Source data:
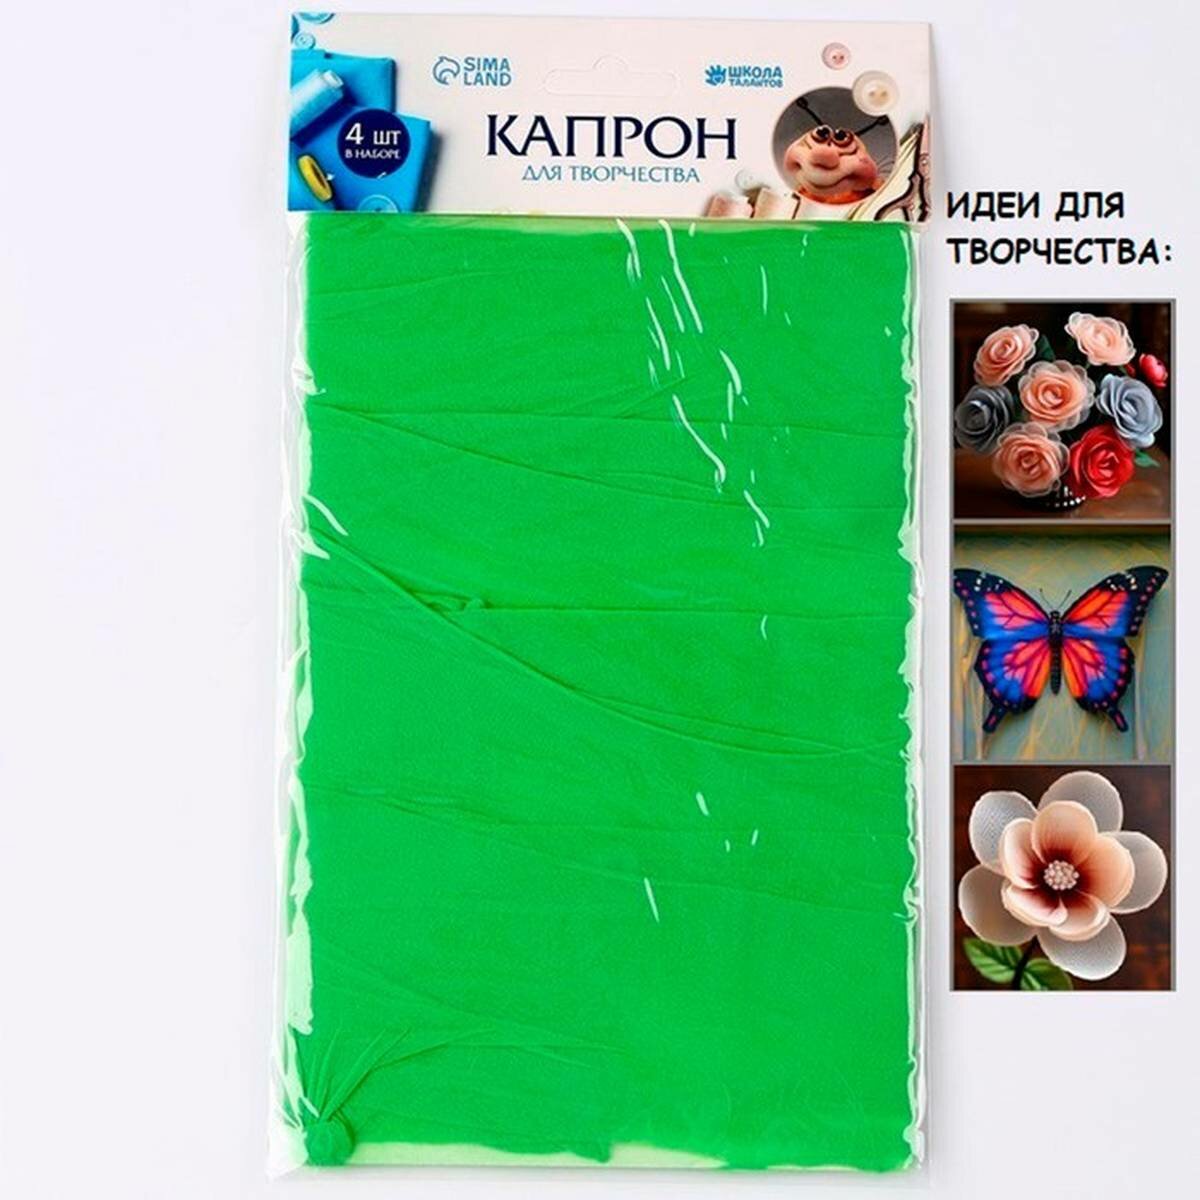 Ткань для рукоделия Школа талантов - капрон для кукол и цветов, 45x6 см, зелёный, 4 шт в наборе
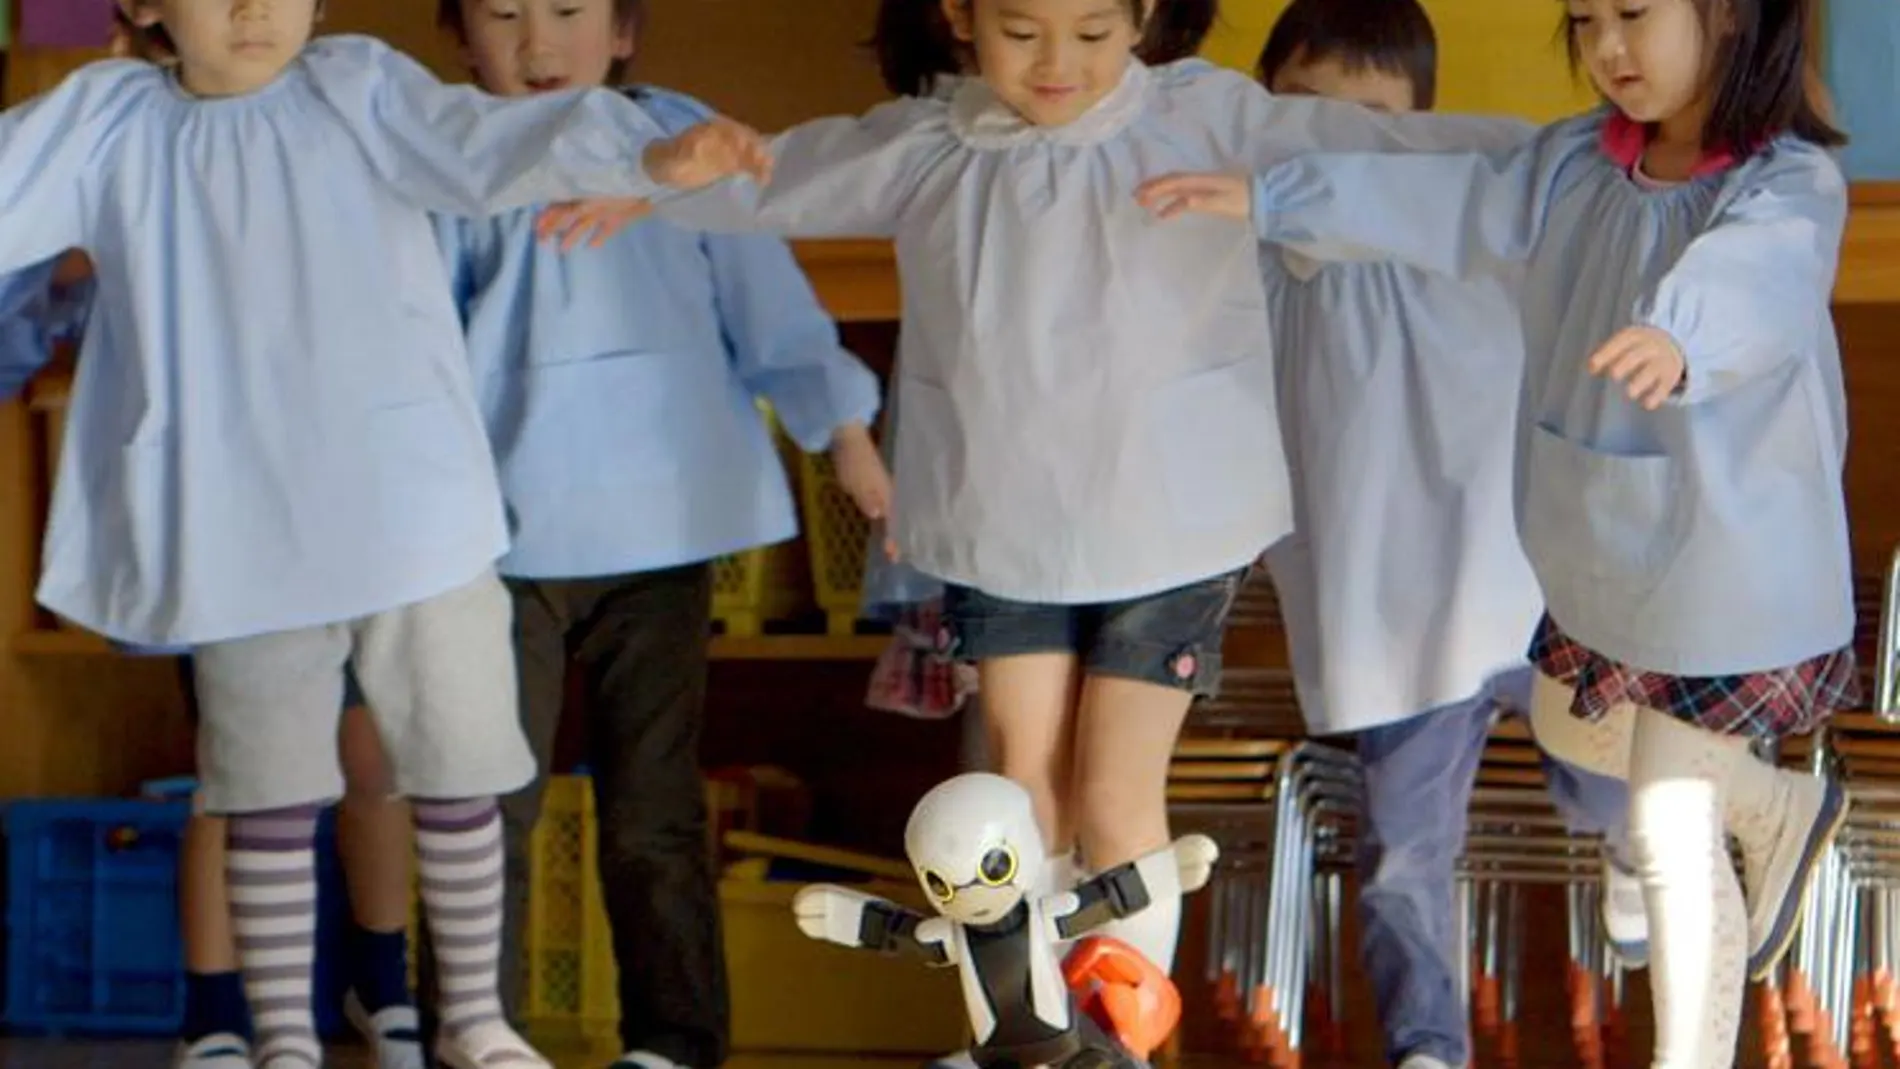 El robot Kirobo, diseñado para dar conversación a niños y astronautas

==

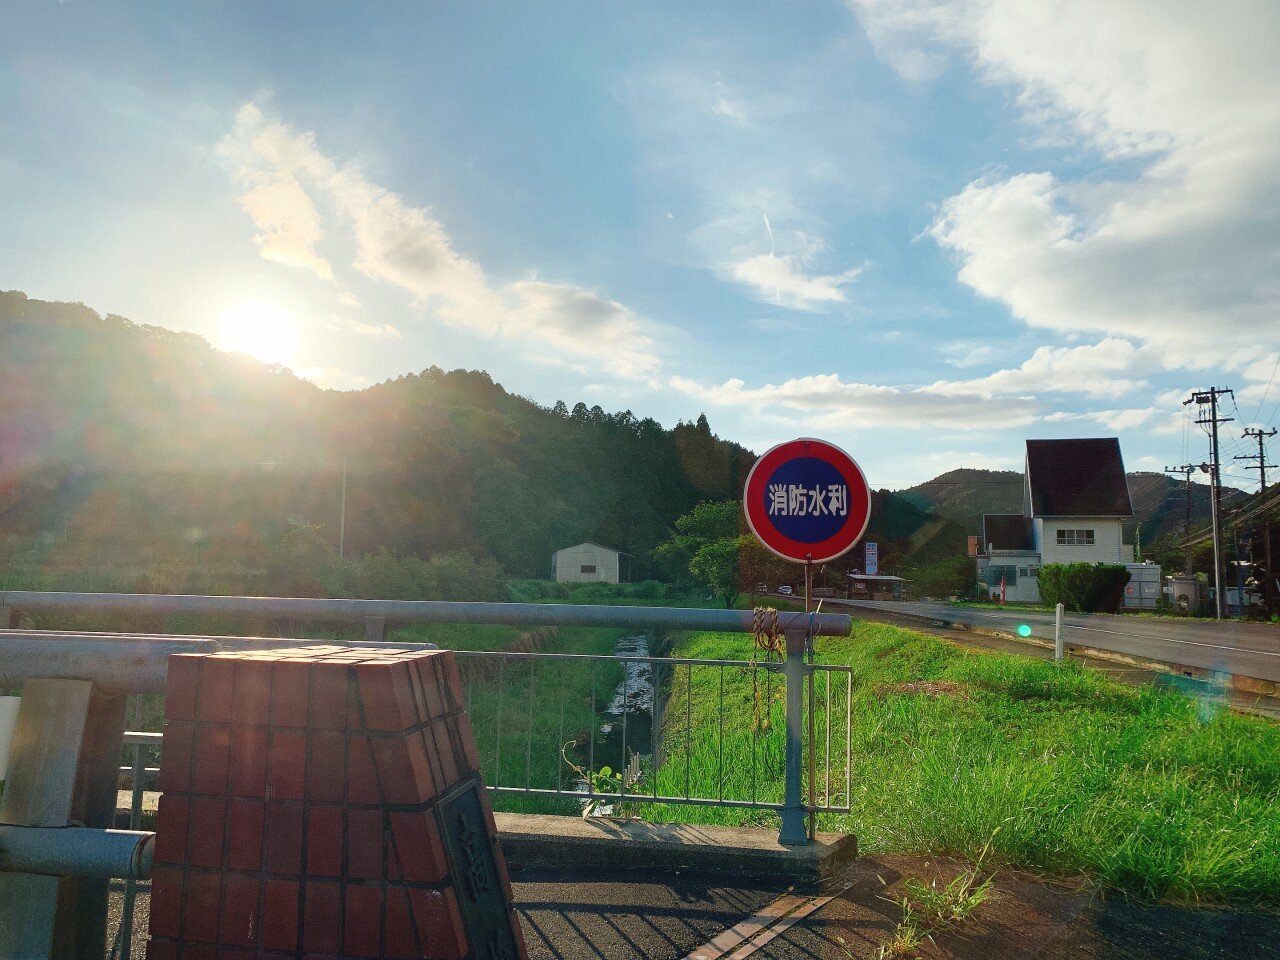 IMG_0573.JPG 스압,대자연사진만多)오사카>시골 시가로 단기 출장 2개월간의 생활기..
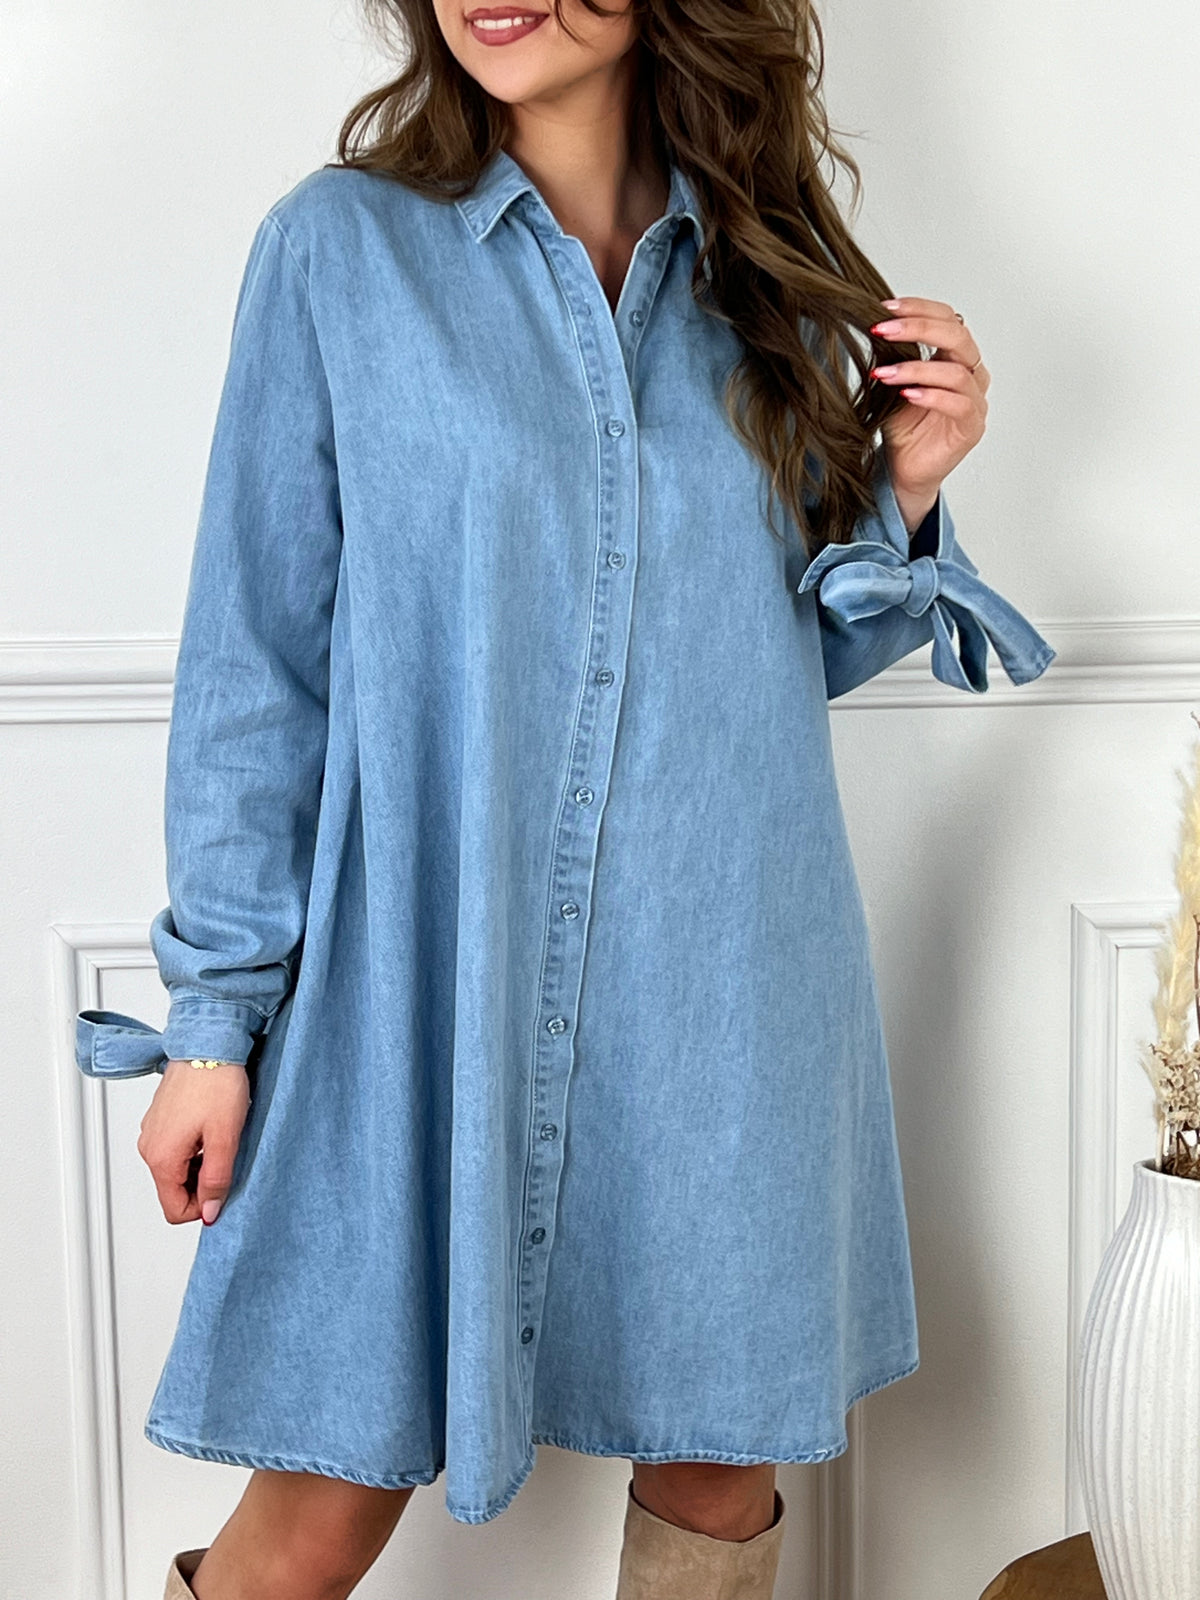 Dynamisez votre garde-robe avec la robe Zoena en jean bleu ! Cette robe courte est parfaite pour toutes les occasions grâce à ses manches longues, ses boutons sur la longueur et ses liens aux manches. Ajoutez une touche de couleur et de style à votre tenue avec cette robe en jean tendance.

Task statement: In the data above, start at the line holding "Ткань для рукоделия" and stop after the line holding "El robot Kirobo, diseñado"; write out those lines exactly, without pictures.

Task output:
 Ткань для рукоделия Школа талантов - капрон для кукол и цветов, 45x6 см, зелёный, 4 шт в наборе
 El robot Kirobo, diseñado para dar conversación a niños y astronautas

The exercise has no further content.